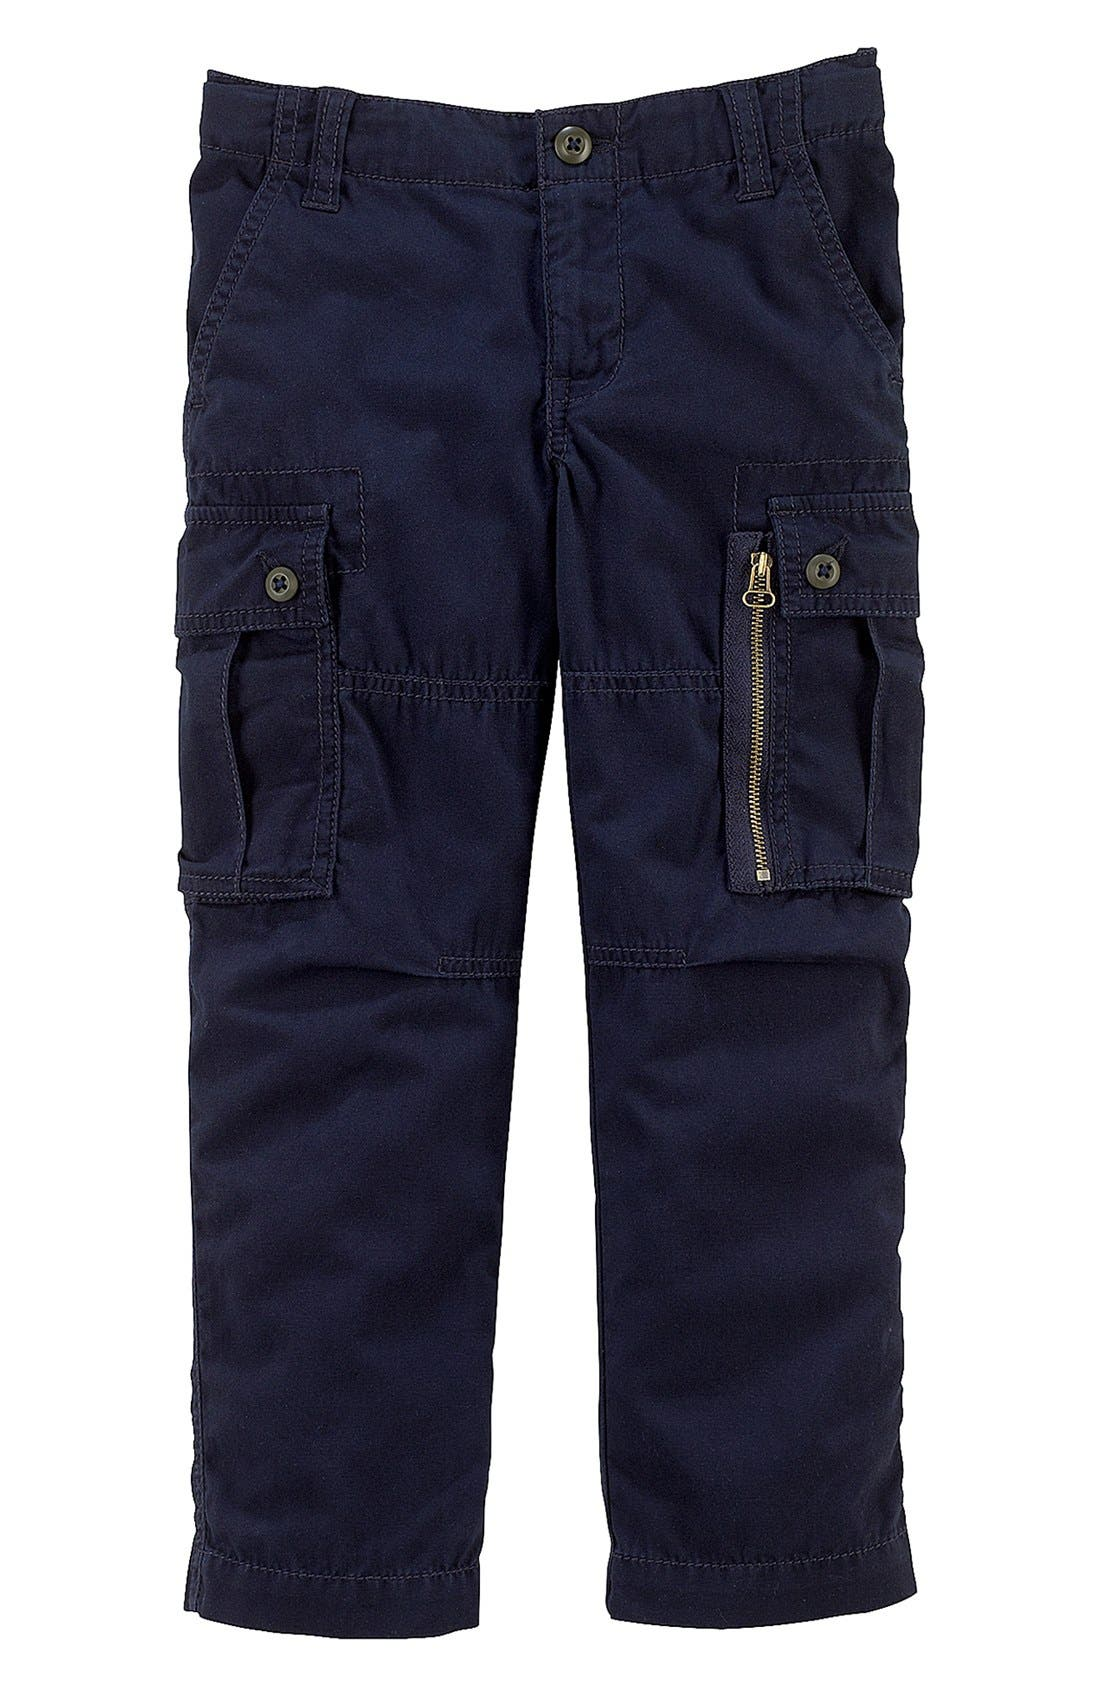 Alternate Image 1 Selected - Ralph Lauren Cargo Pants (Toddler Boys)
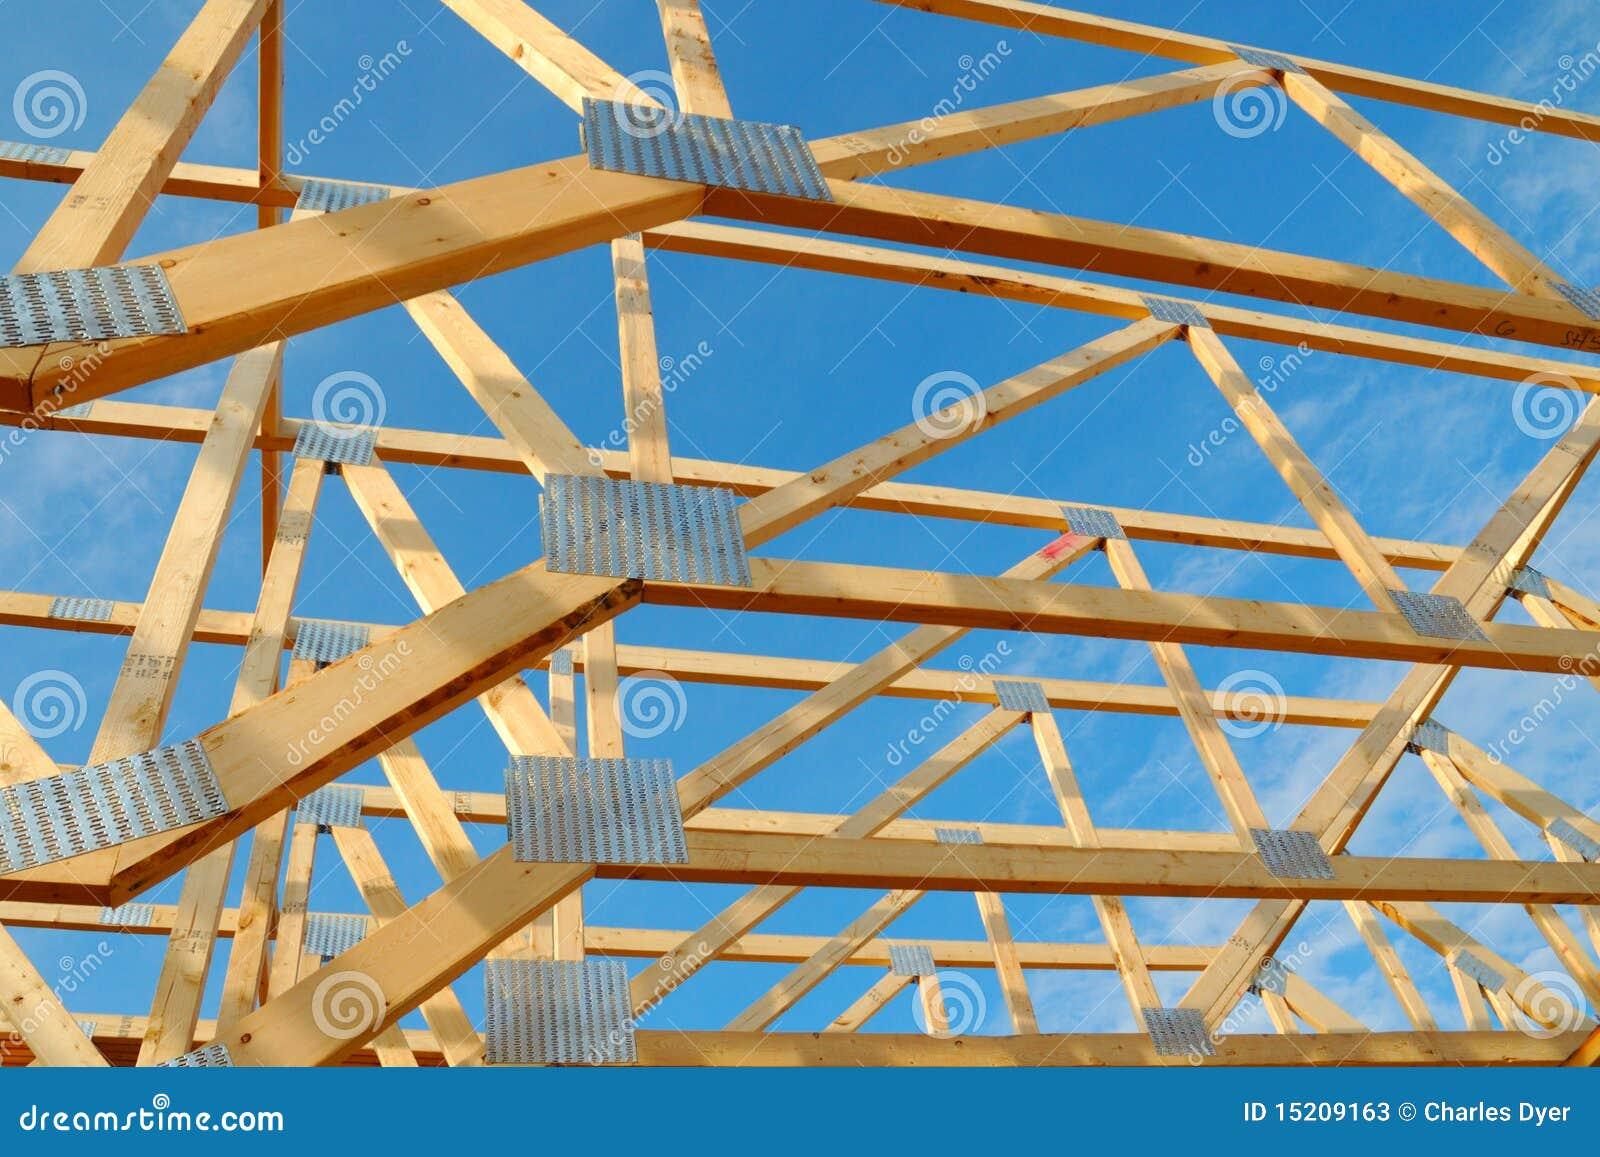 House Framing Stock Photos Image 15209163
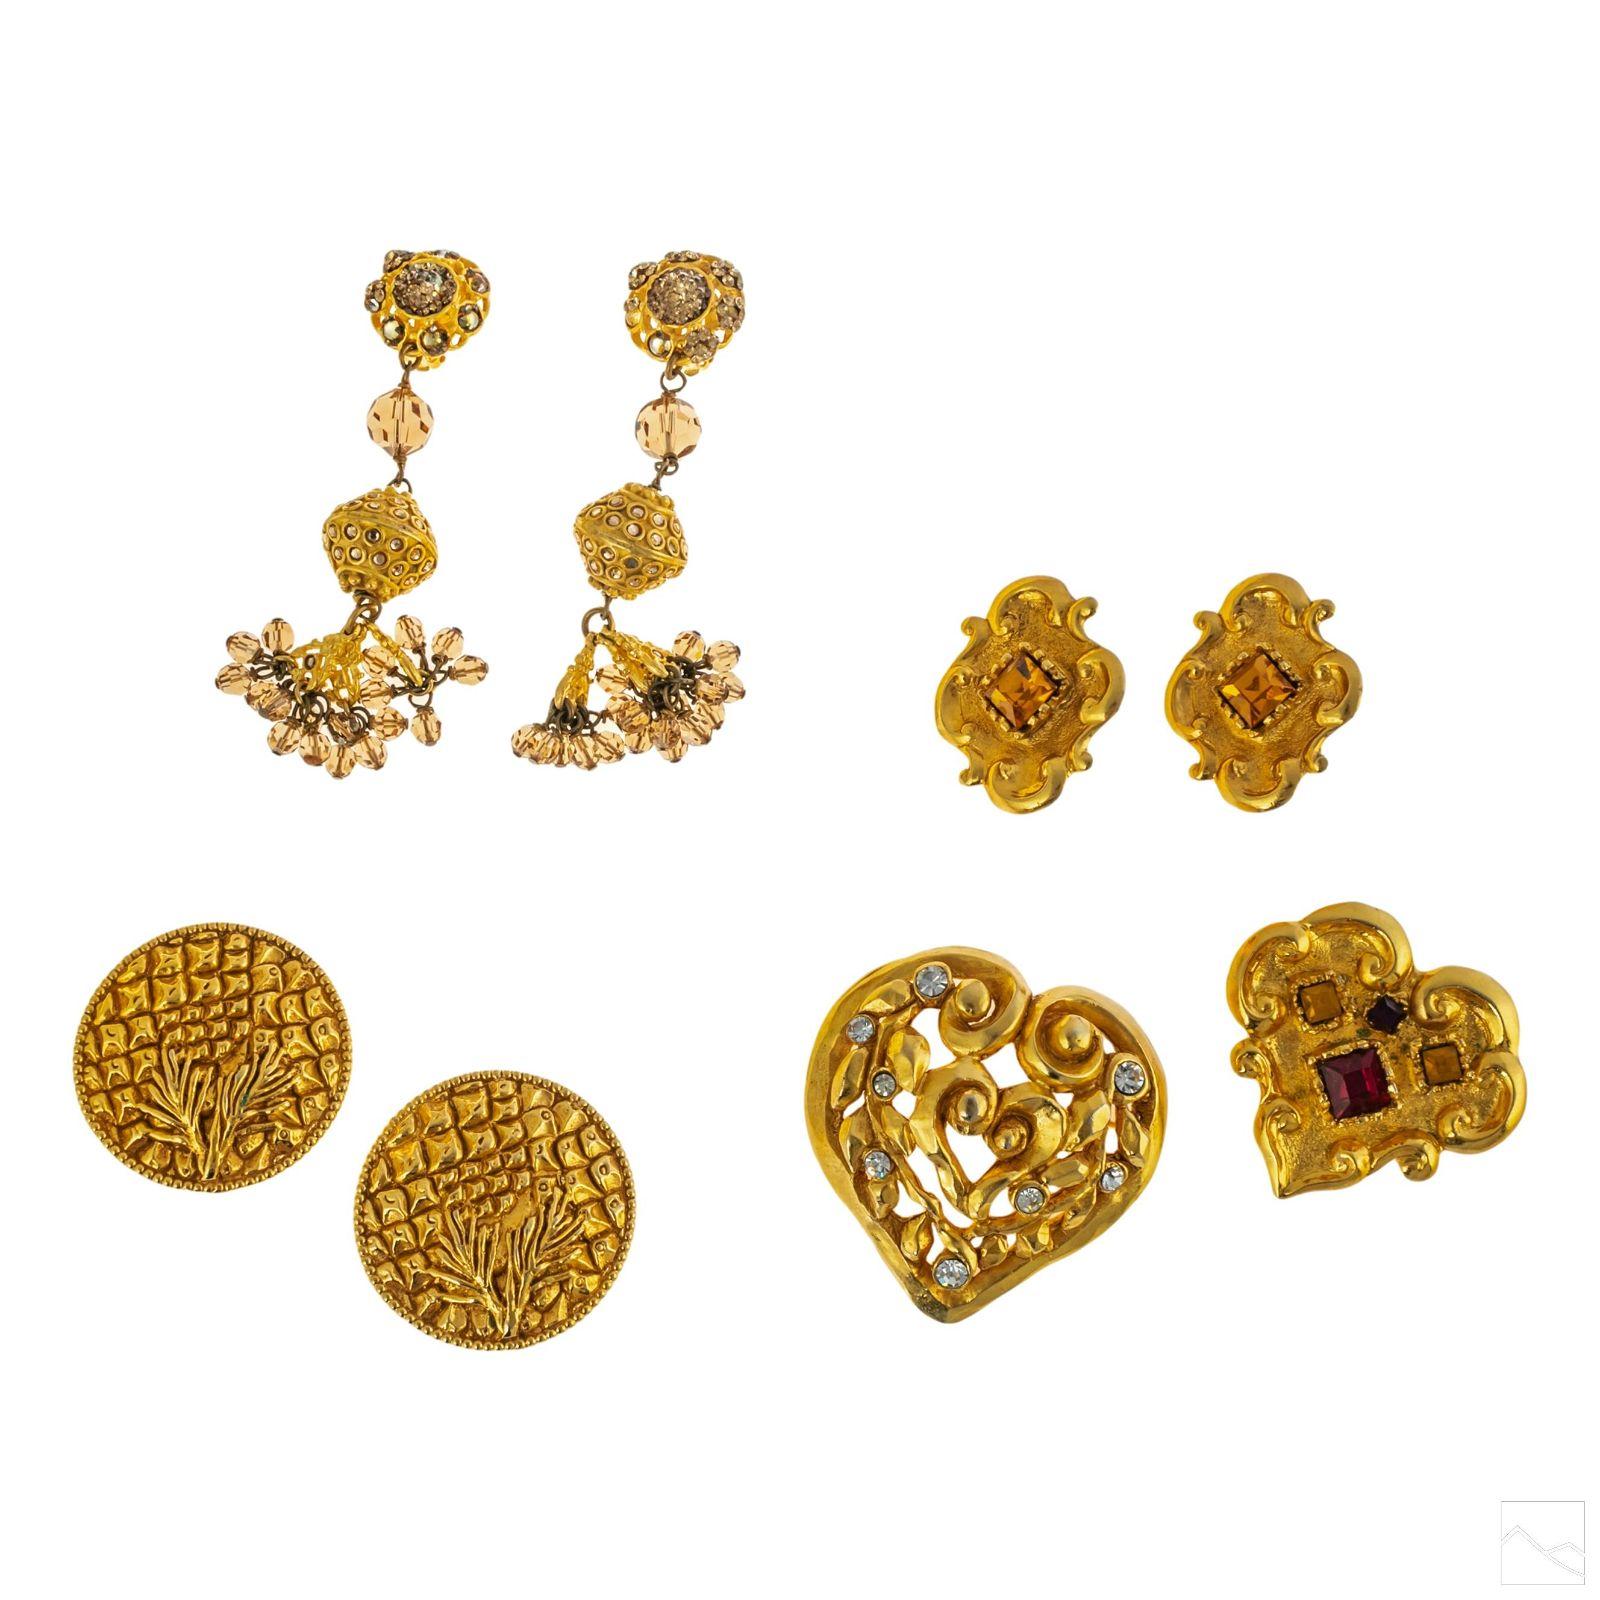 Designer Vintage Clip On Earring & Brooch Pins LOT

○ ○ ○ ○ ○ ○ ○

*Problem requirements:* Across the whole listing above, repeat each line exactly and leave out the images.

*Exercise output:*
 Alternate Image 1 Selected - Ralph Lauren Cargo Pants (Toddler Boys)
 House Framing Stock Photos Image 15209163
 Designer Vintage Clip On Earring & Brooch Pins LOT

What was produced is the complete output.